§ **Task item**
Please produce an exact copy of only the lines from the one with "Avoiding a traffic" through the last one of the material, without pictures.

§ **Data provided**
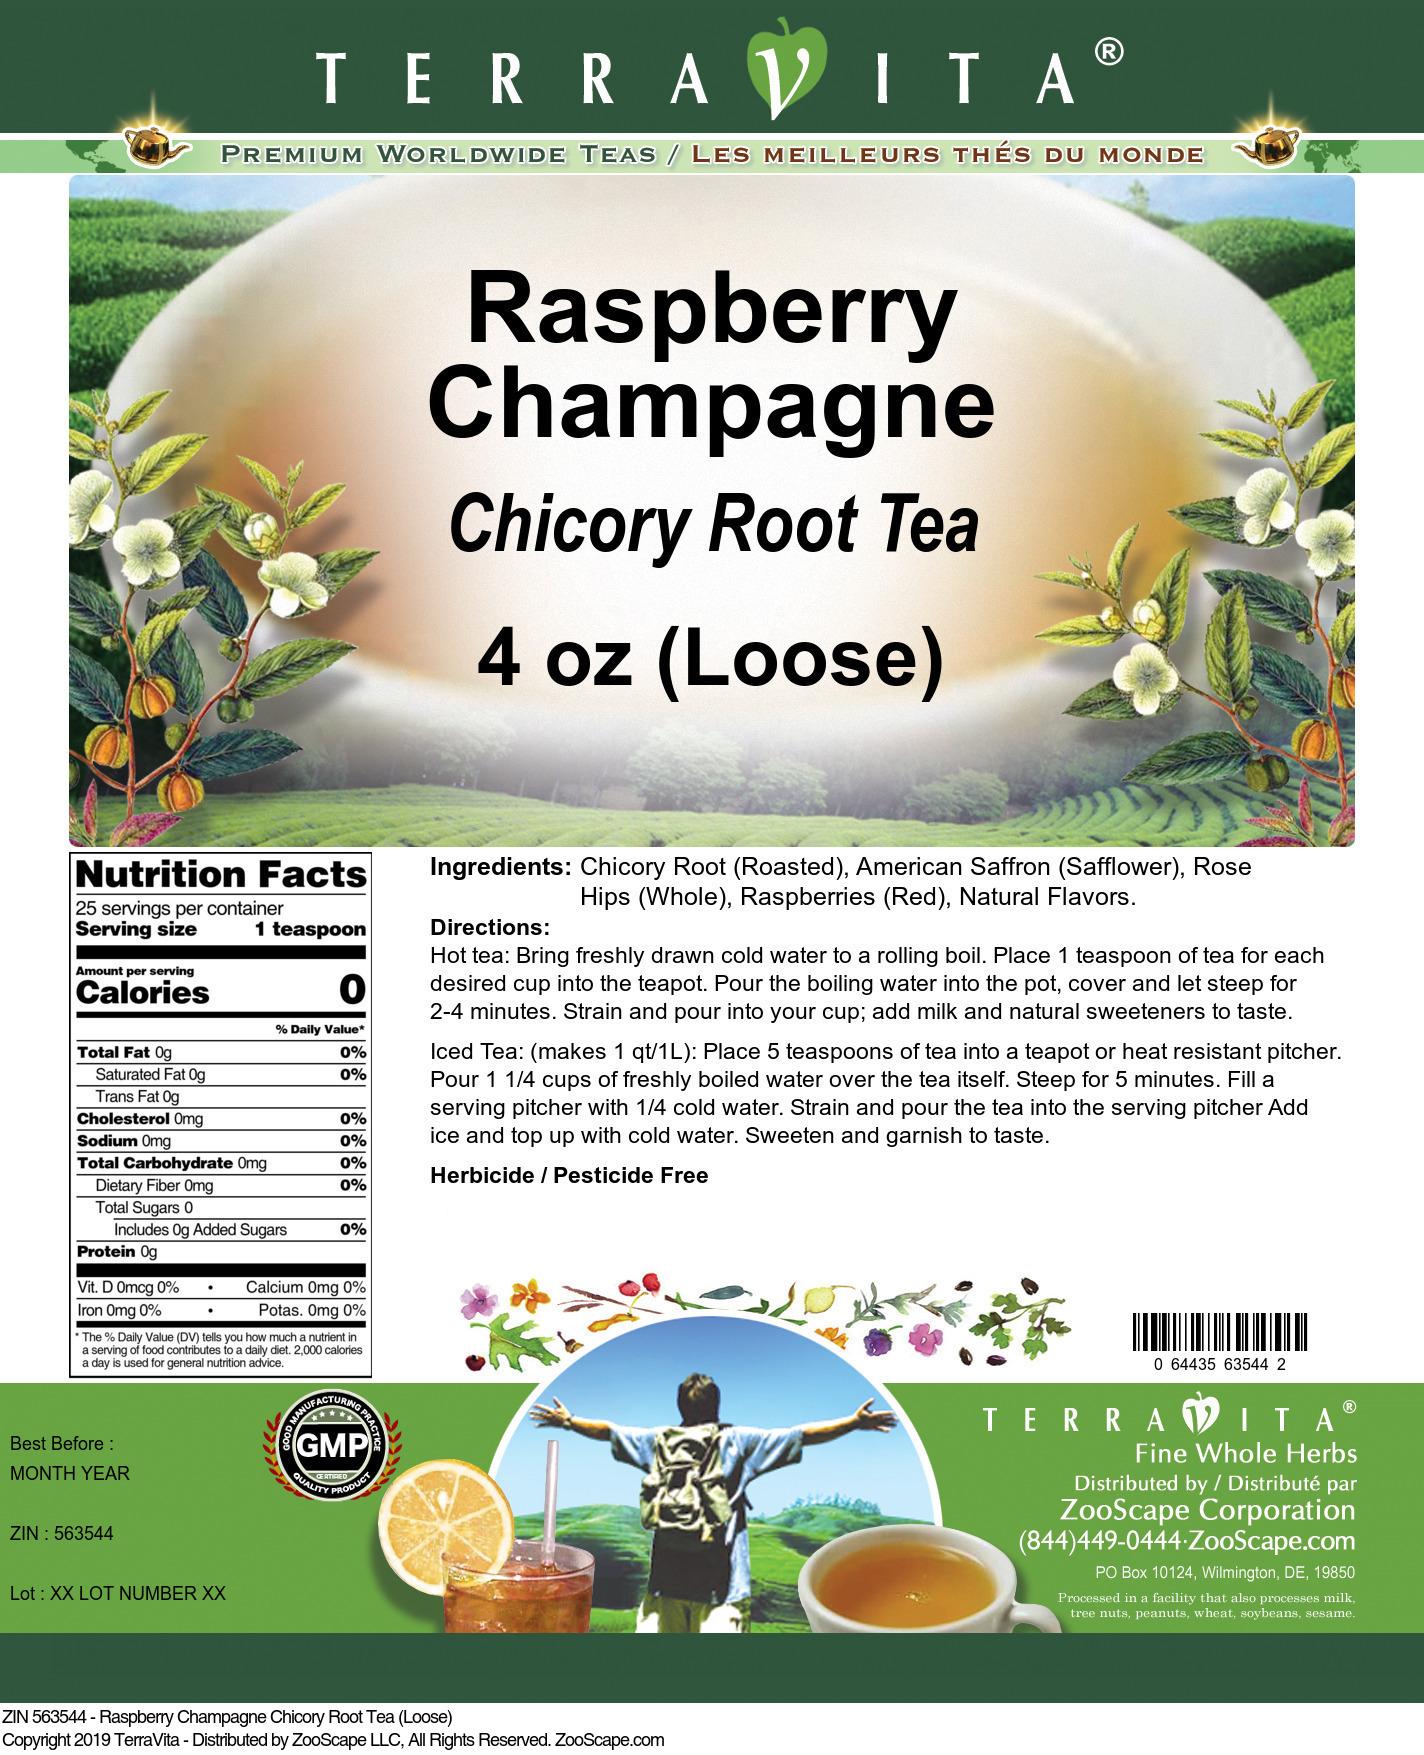 Raspberry Champagne Chicory Root Tea (Loose)
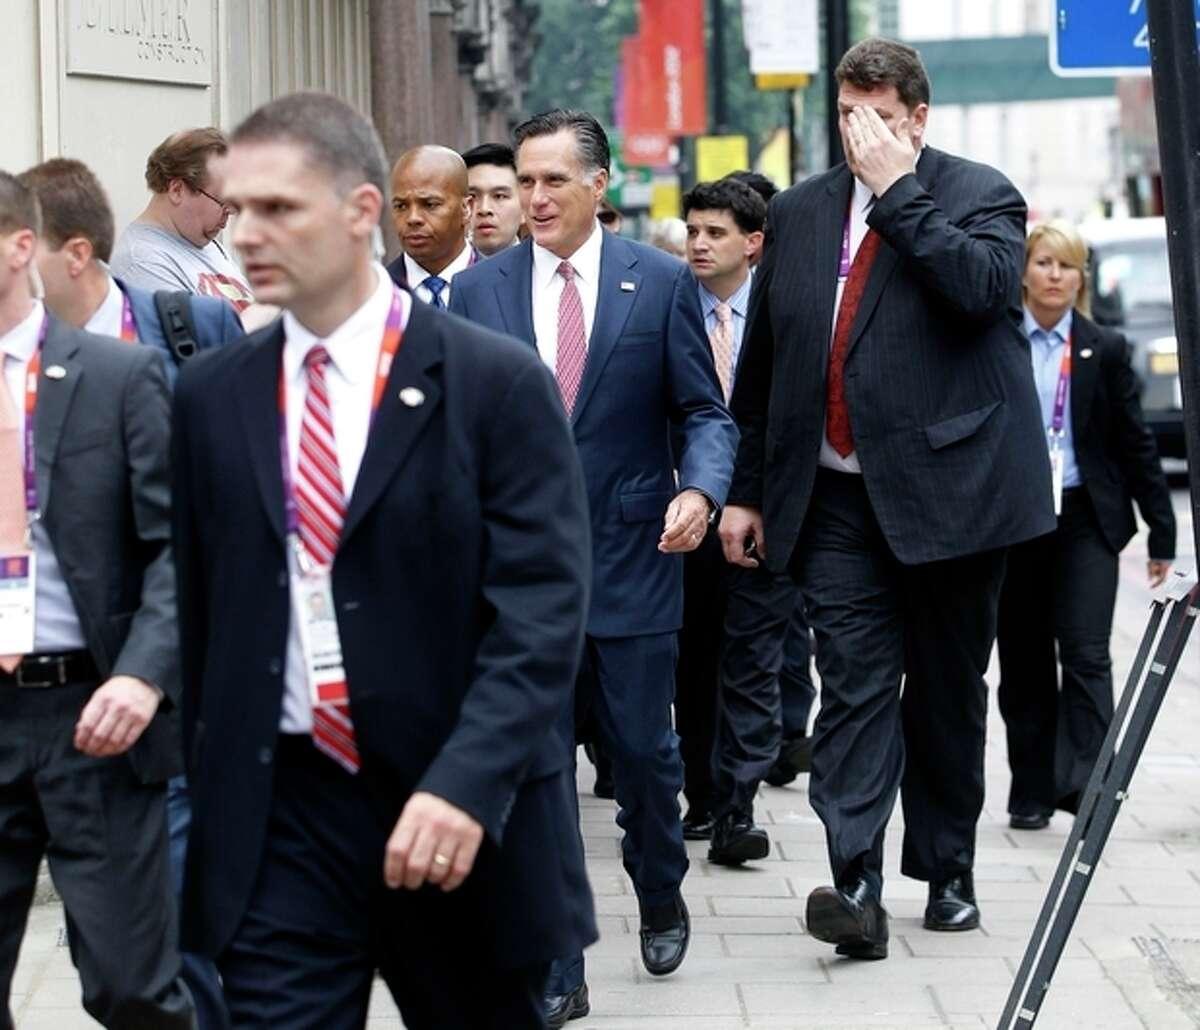 Avoiding a traffic jam, Republican presidential candidate, former Massachusetts Gov. Mitt Romney walks down Grosvenor Place in London to meet Ireland's Prime Minister Enda Kenny at the Embassy of Ireland in London, Friday, July 27, 2012. (AP Photo/Charles Dharapak)
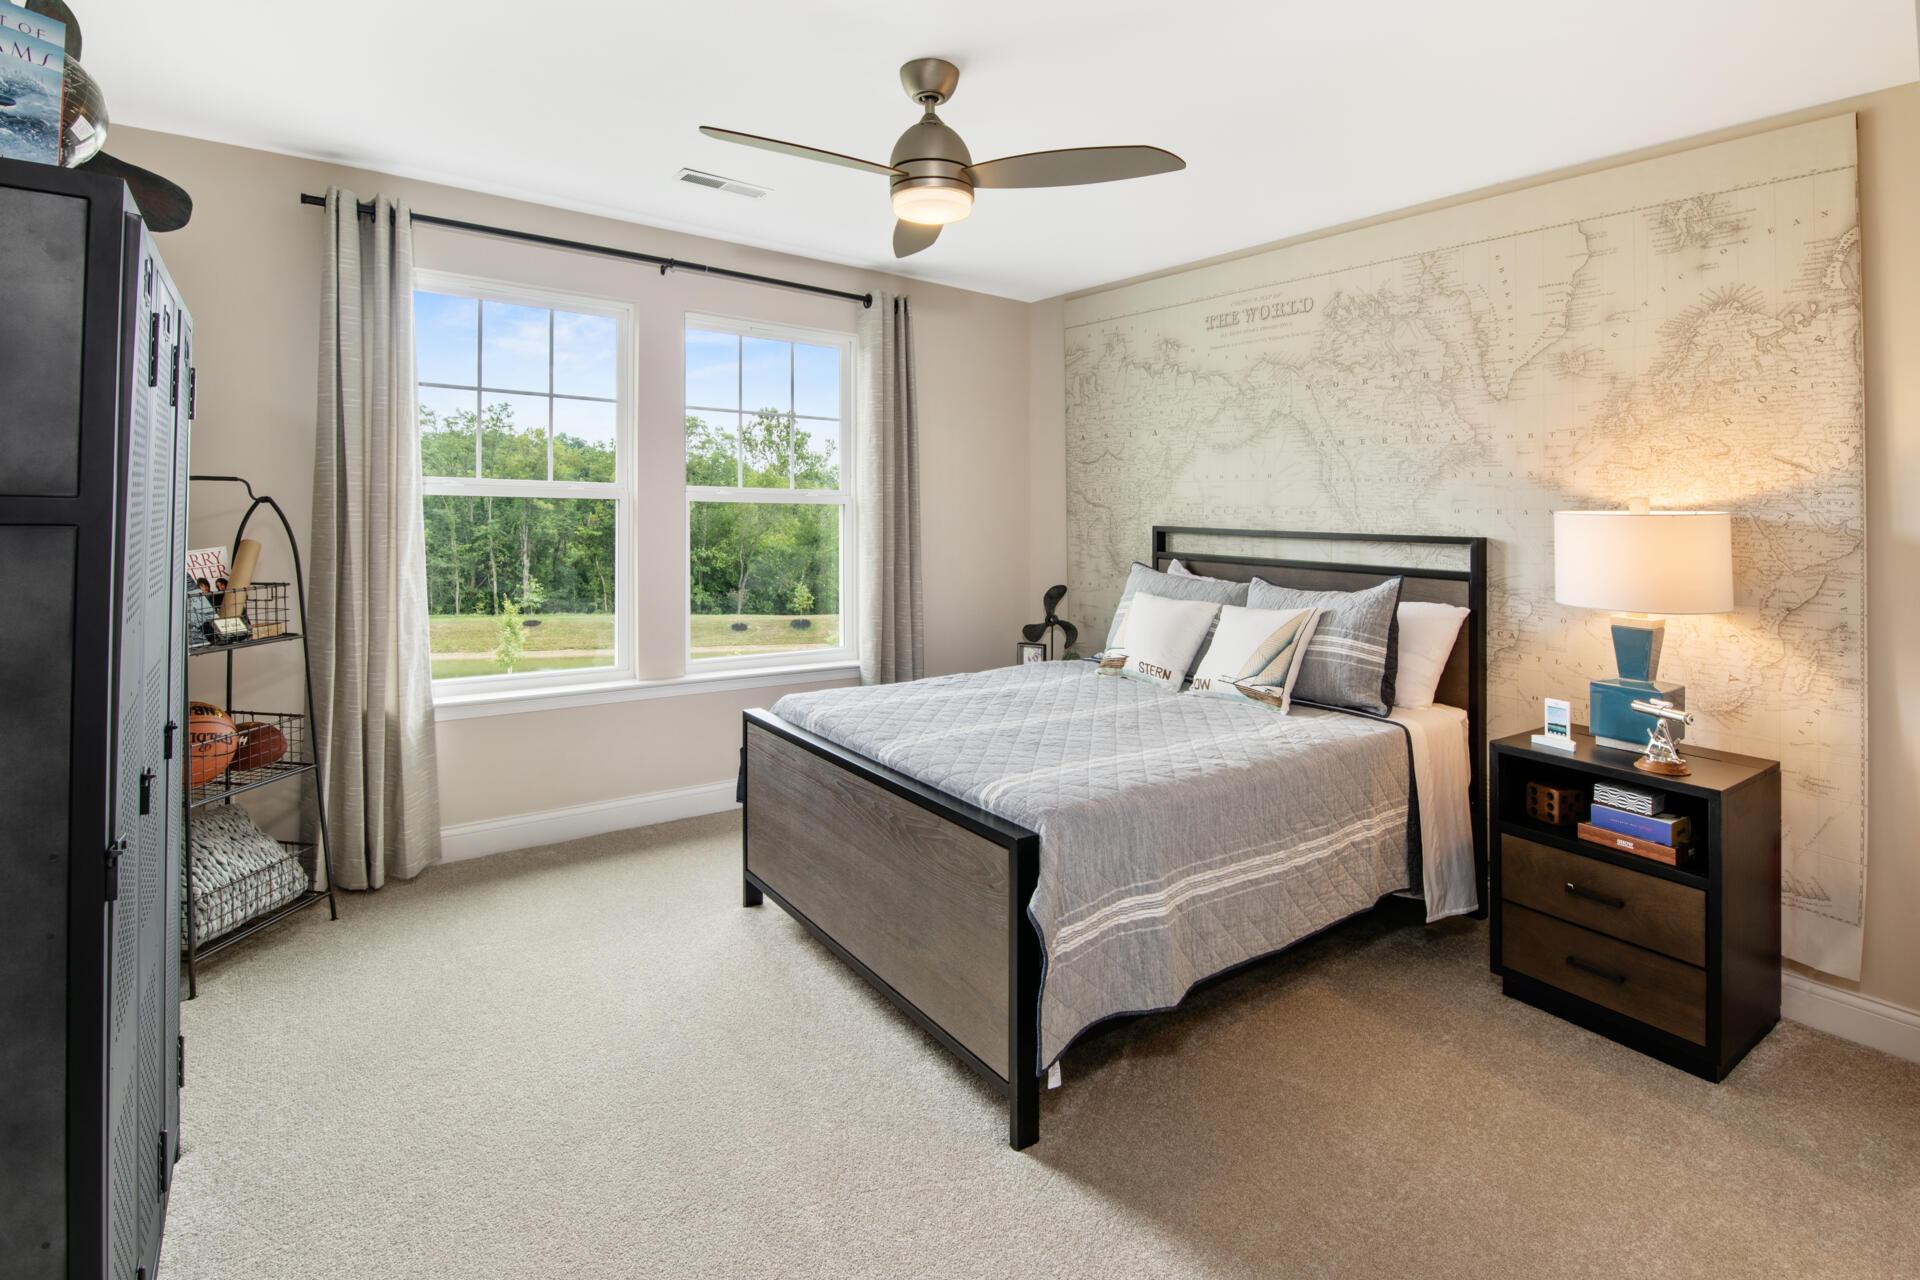 Bedroom featured in the Alden By Drees Homes in Cincinnati, OH

§ **Answer to the exercise**
 Avoiding a traffic jam, Republican presidential candidate, former Massachusetts Gov. Mitt Romney walks down Grosvenor Place in London to meet Ireland's Prime Minister Enda Kenny at the Embassy of Ireland in London, Friday, July 27, 2012. (AP Photo/Charles Dharapak)
 Bedroom featured in the Alden By Drees Homes in Cincinnati, OH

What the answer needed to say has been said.